My second child was born. I learned that I was pregnant just over a year ago, and that she was a girl a couple of months later. Since her arrival I have had many opportunities to reflect on how both she and older brother arrived with personalities largely intact, and have enjoyed watching them reveal themselves as they gain skills.
I had my heart broken. I never saw it comi ng. Everything just stopped working one day. He lost my trust. And I lost his. I've learned relationships can not work without that.
My beloved dog passed away. She was an amazing creature that taught me all about courage and triumphing over adversity.
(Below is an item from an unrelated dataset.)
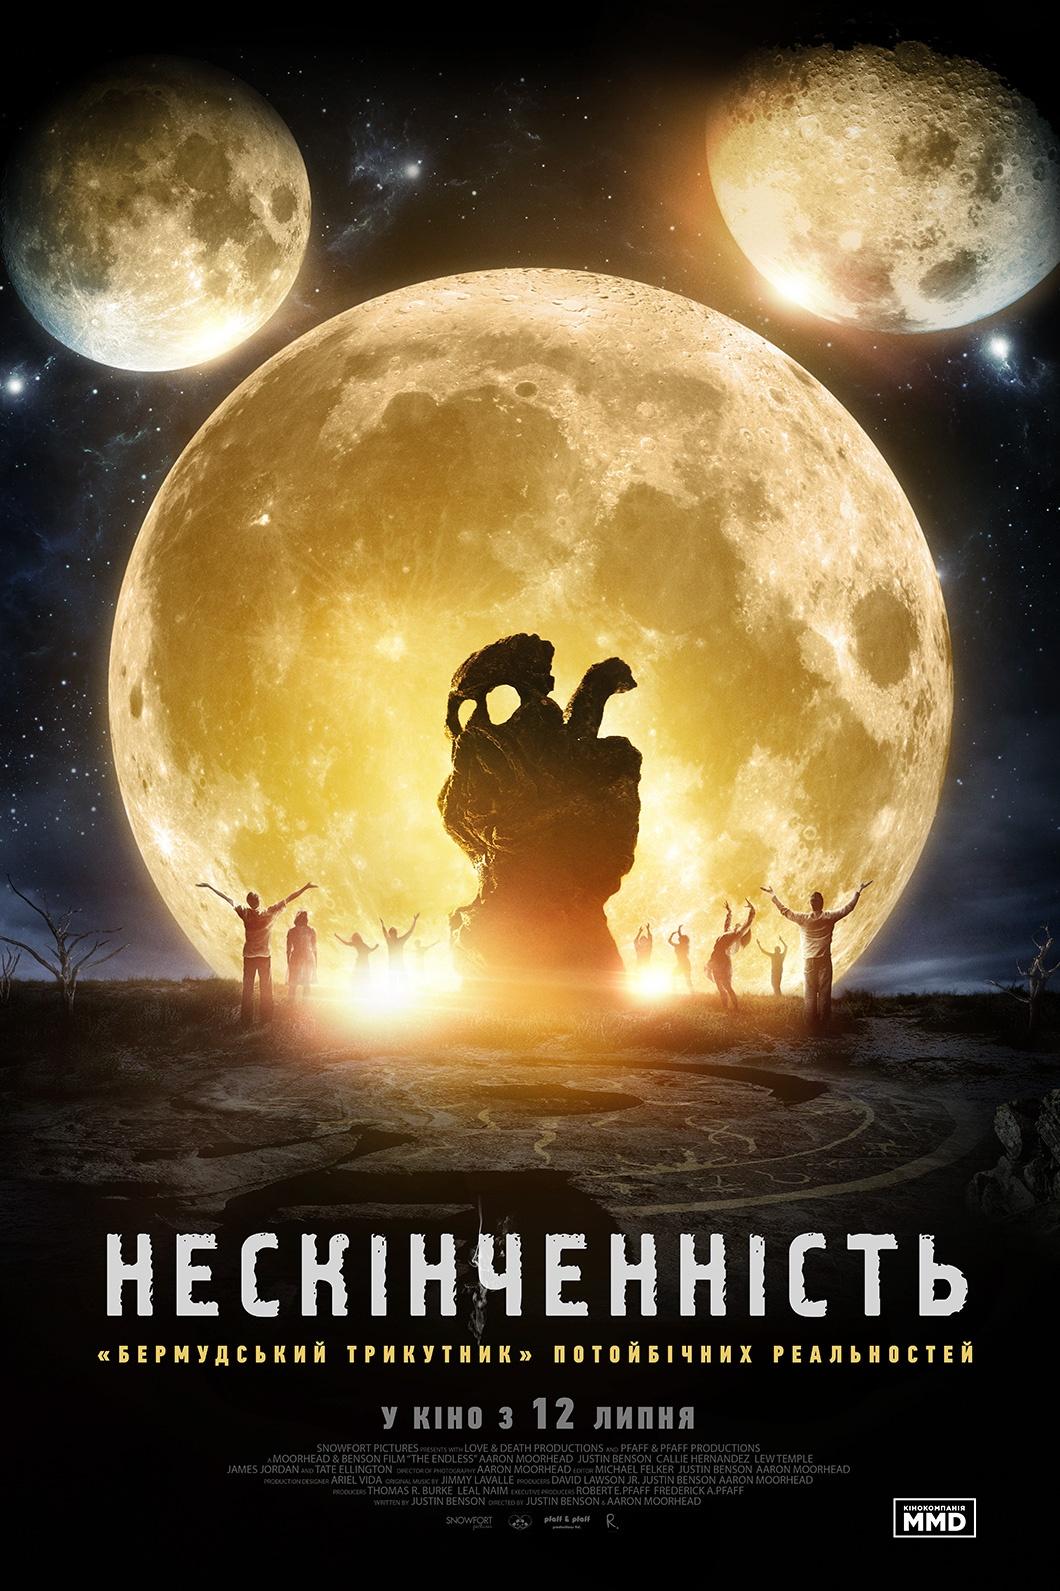 v-ukraine-startuet-pokaz-misticheskogo-trillera-beskonechnost-3

She left on her terms as she did everything, and even though I miss her there was a kind of peace that I gained during her leaving.
I was diagnosed with Irritable Bowl Syndrome this year. Along with IBS I have anxiety issues and my doctor and I were finally able to figure out why I was getting panic attacks that had a GI component. I'm still working on controlling it but knowing why I get these attacks was a major step.
I moved far from my home and the people I love. I think it's helping me grow up and see life in a whole different way.
I fell in love. And I told him I loved him - and I knew deep down he didn't love me back. But it was the only way to let him go. It reminded me that I'm alive, and that I have the ability to be open to love again.